Task goal: Exactly the lines from the line that has "BLUESTAR Akku Sony" through the final line below are to be retyped, and the pictures are not.

The data:
++++++

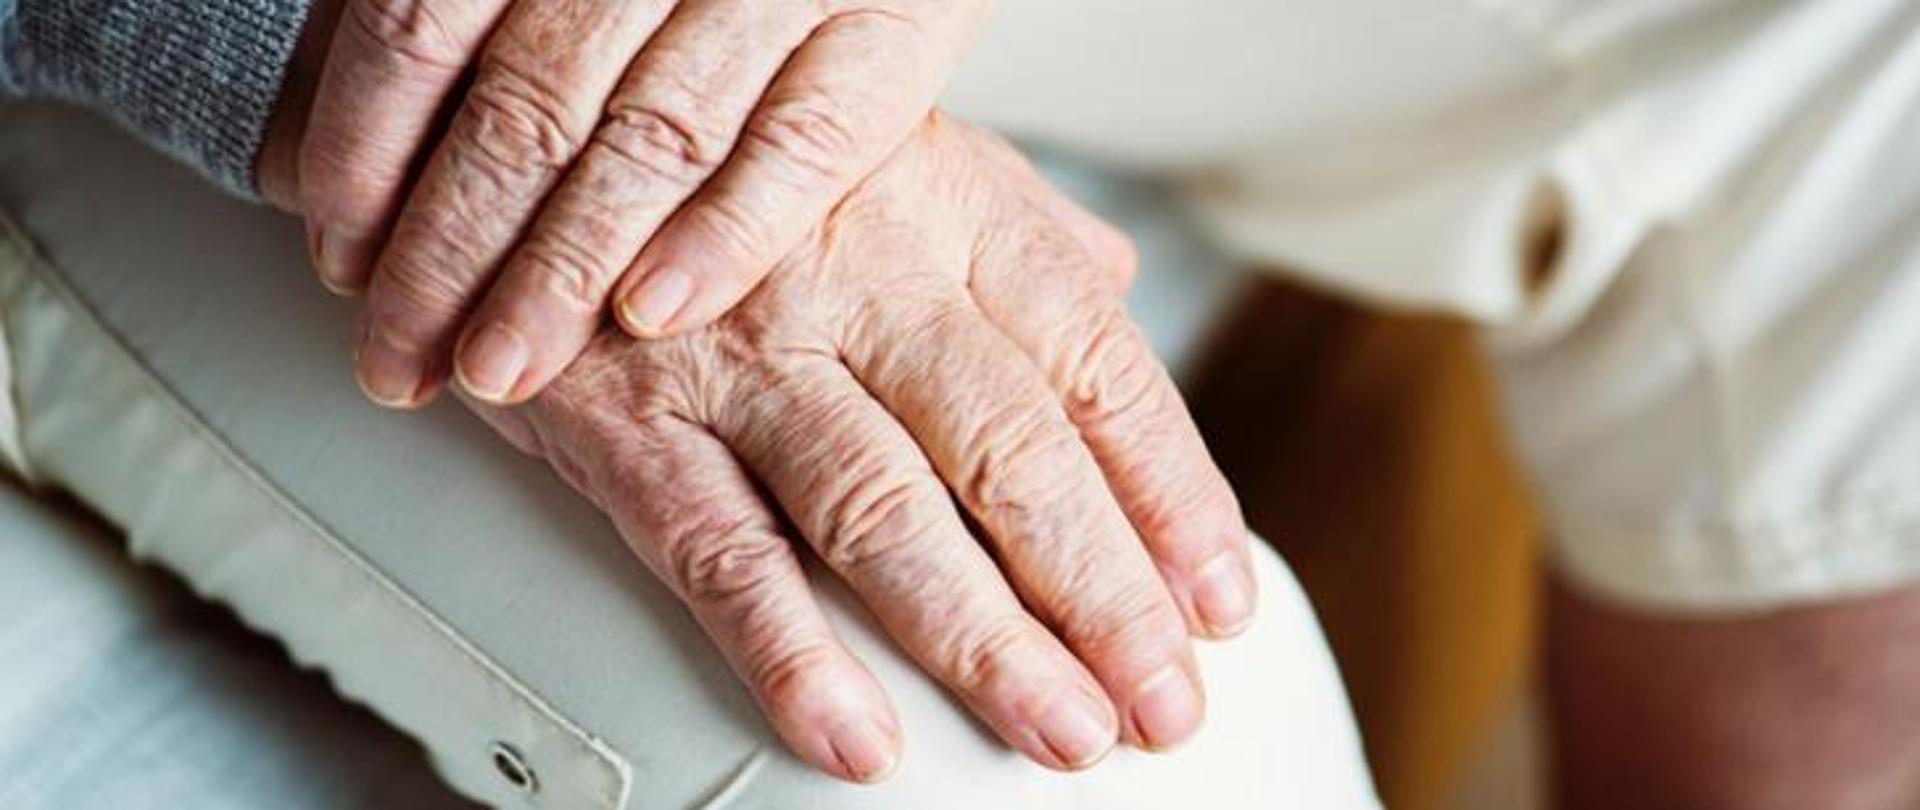 Zdjęcie poglądowe: dłonie starszej osoby
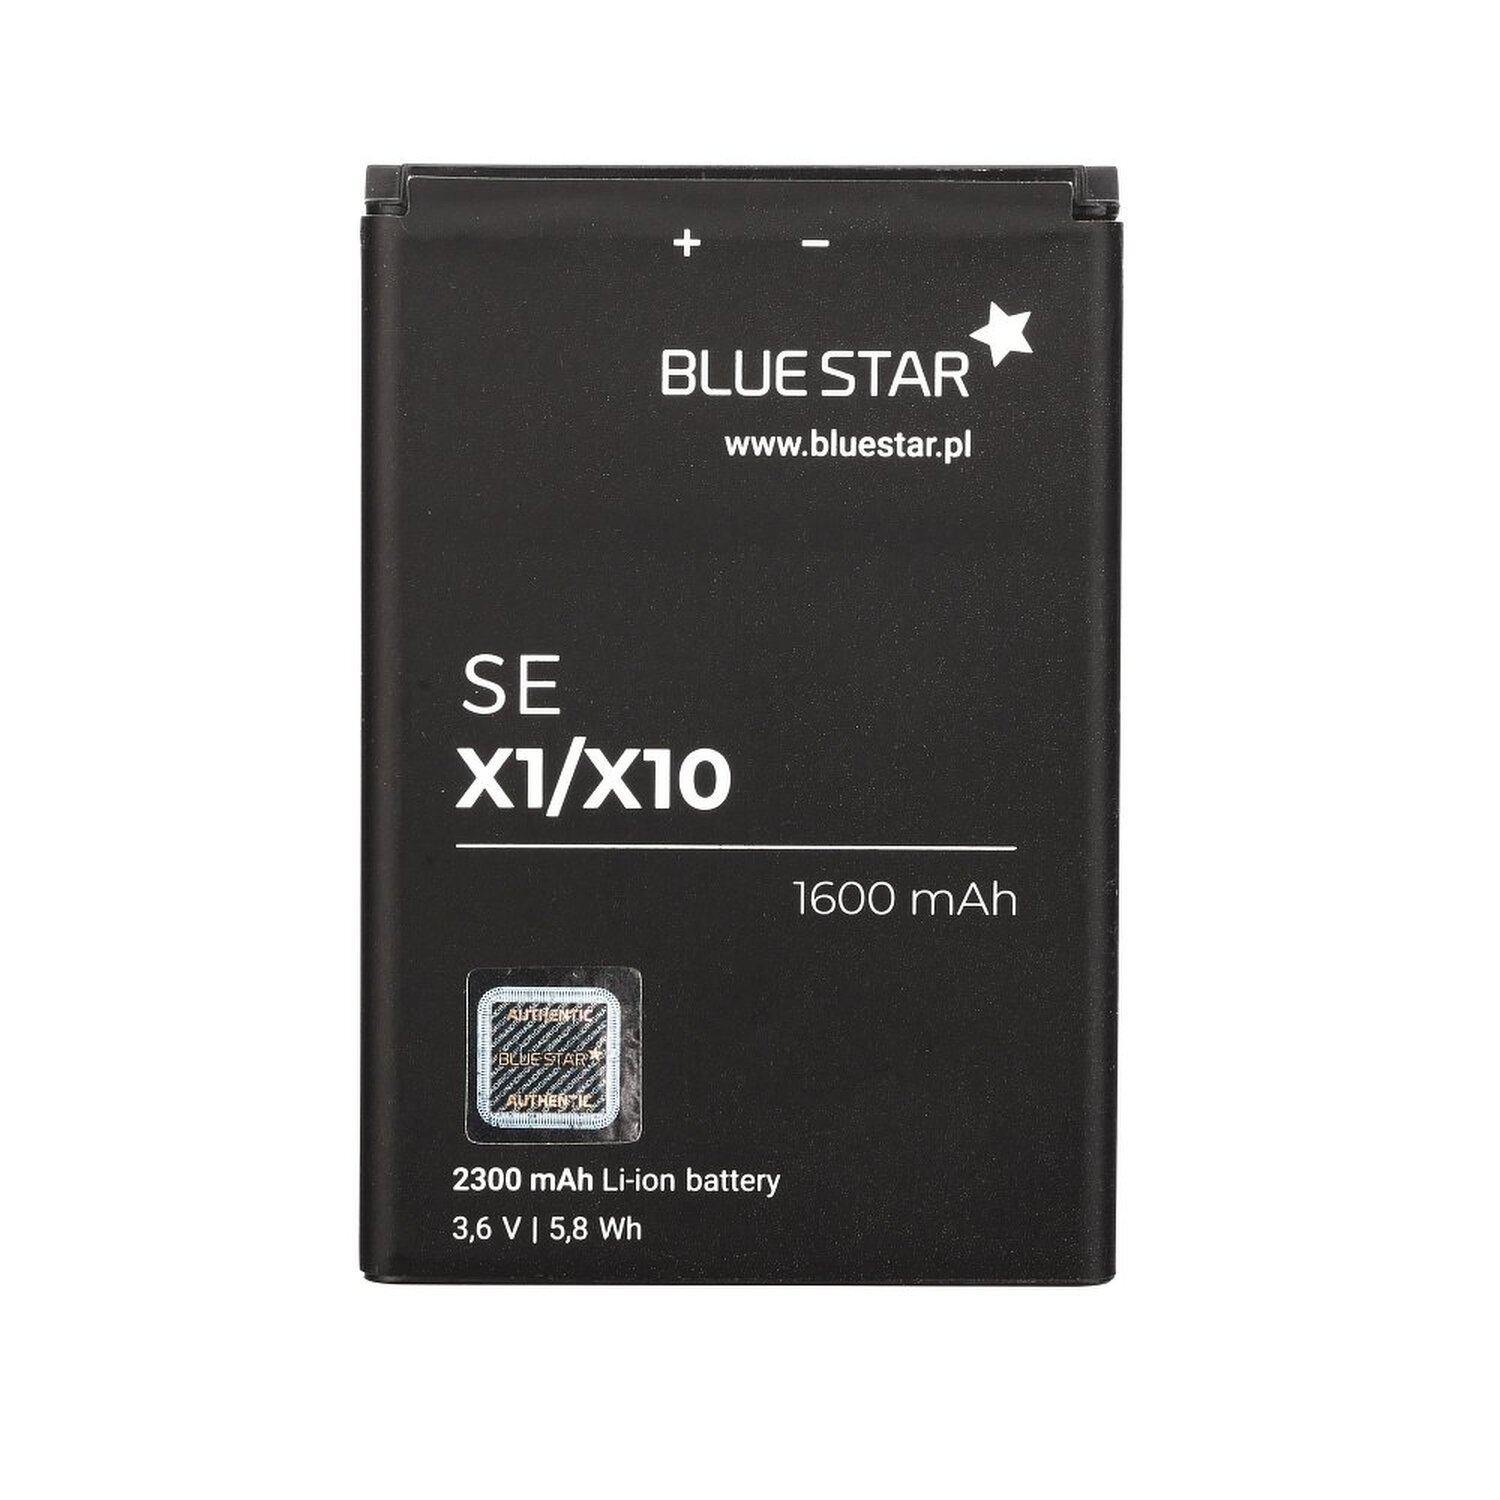 BLUESTAR Akku Sony Xperia Handyakku für X1 Li-Ion / X10
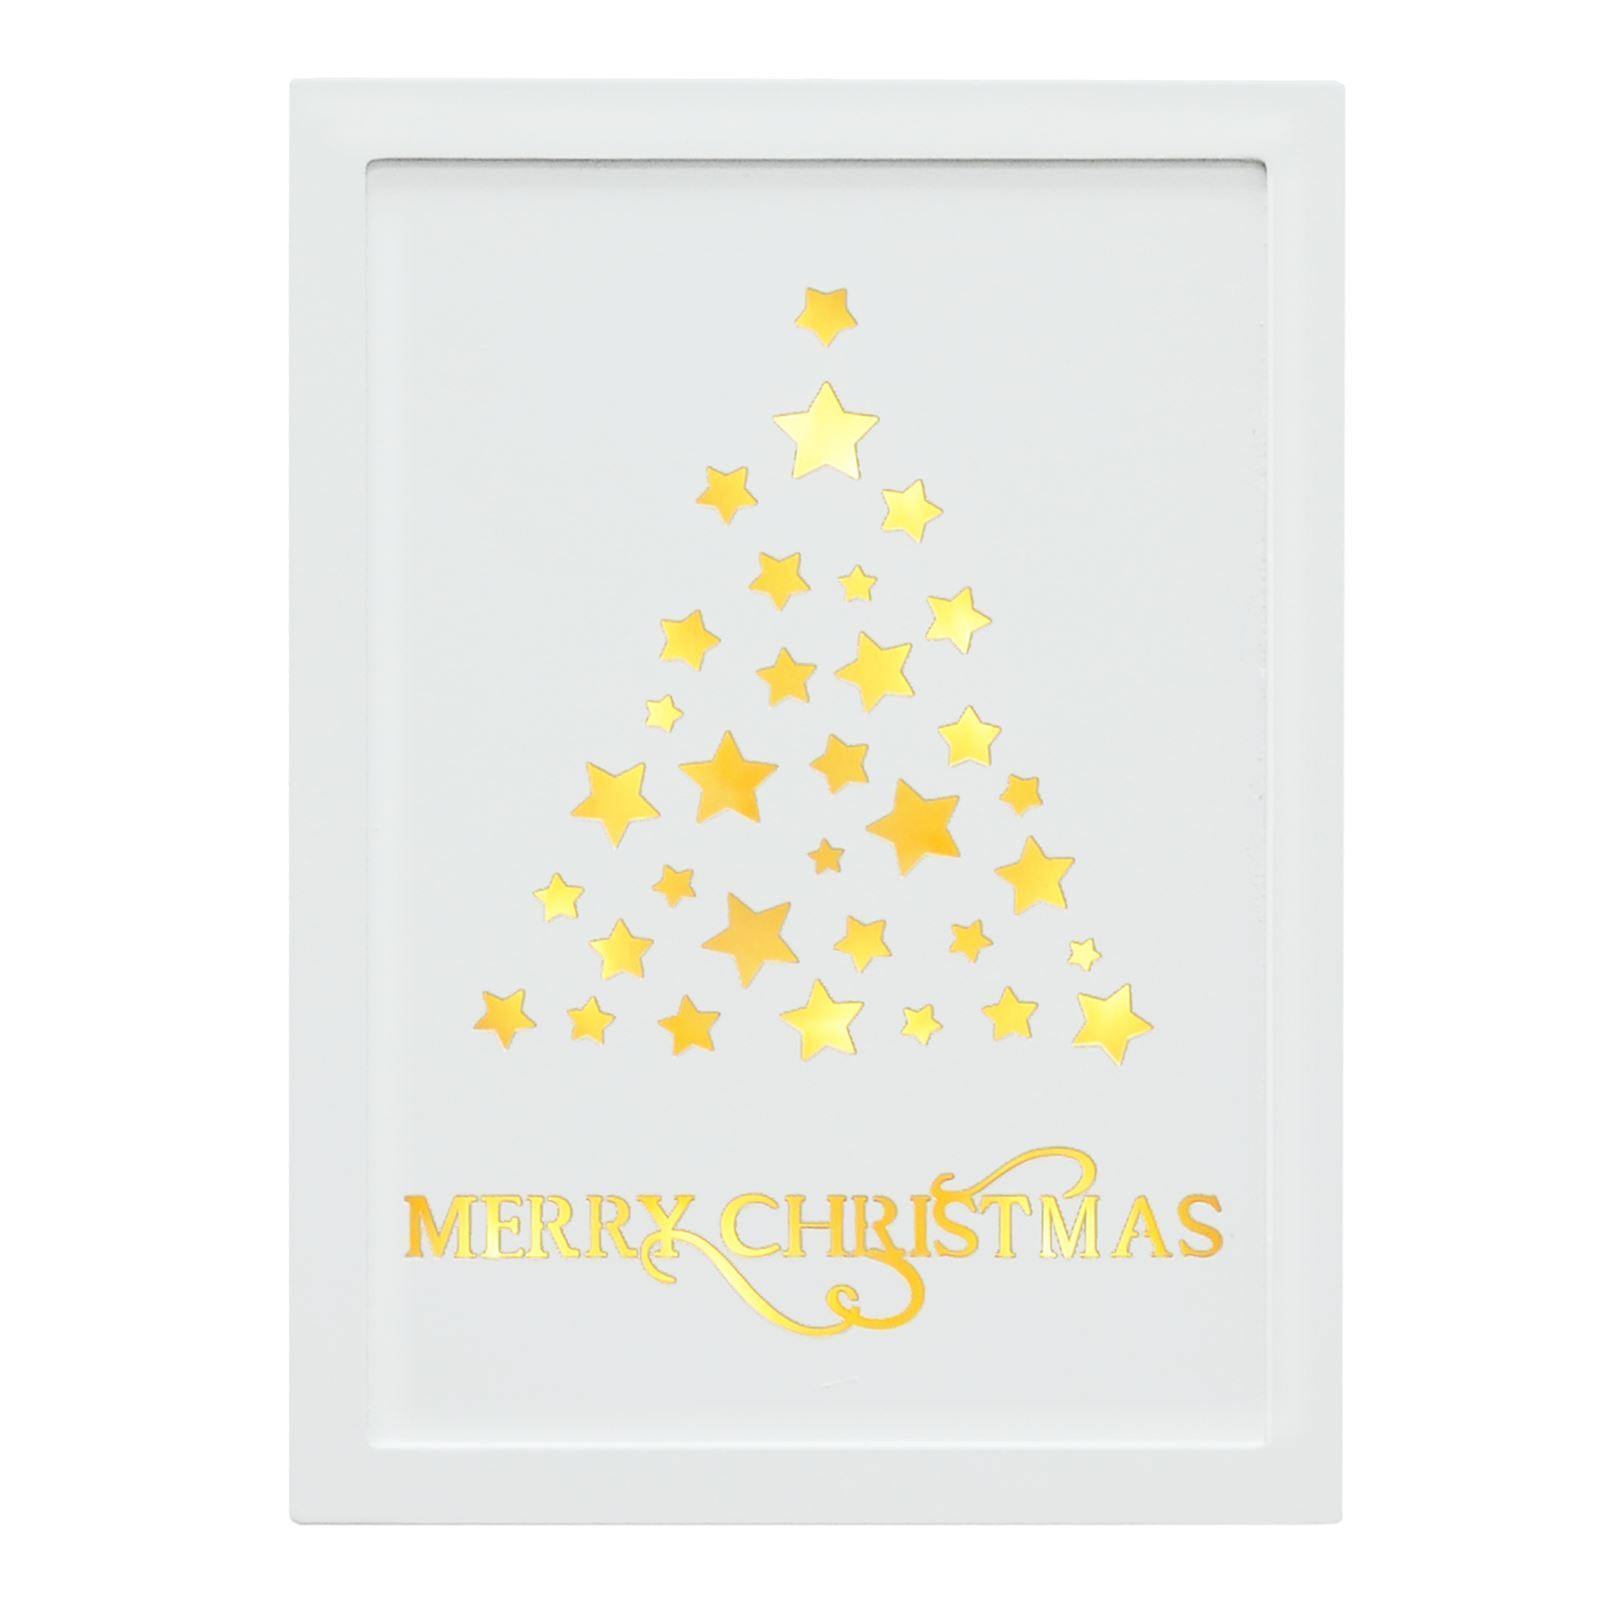 Mr Crimbo 11" Light Up White Wall Plaque Christmas Decoration - MrCrimbo.co.uk -XS5076 - Tree Design -decorations

++++++

Written reply:
 BLUESTAR Akku Sony Xperia Handyakku für X1 Li-Ion / X10
 Mr Crimbo 11" Light Up White Wall Plaque Christmas Decoration - MrCrimbo.co.uk -XS5076 - Tree Design -decorations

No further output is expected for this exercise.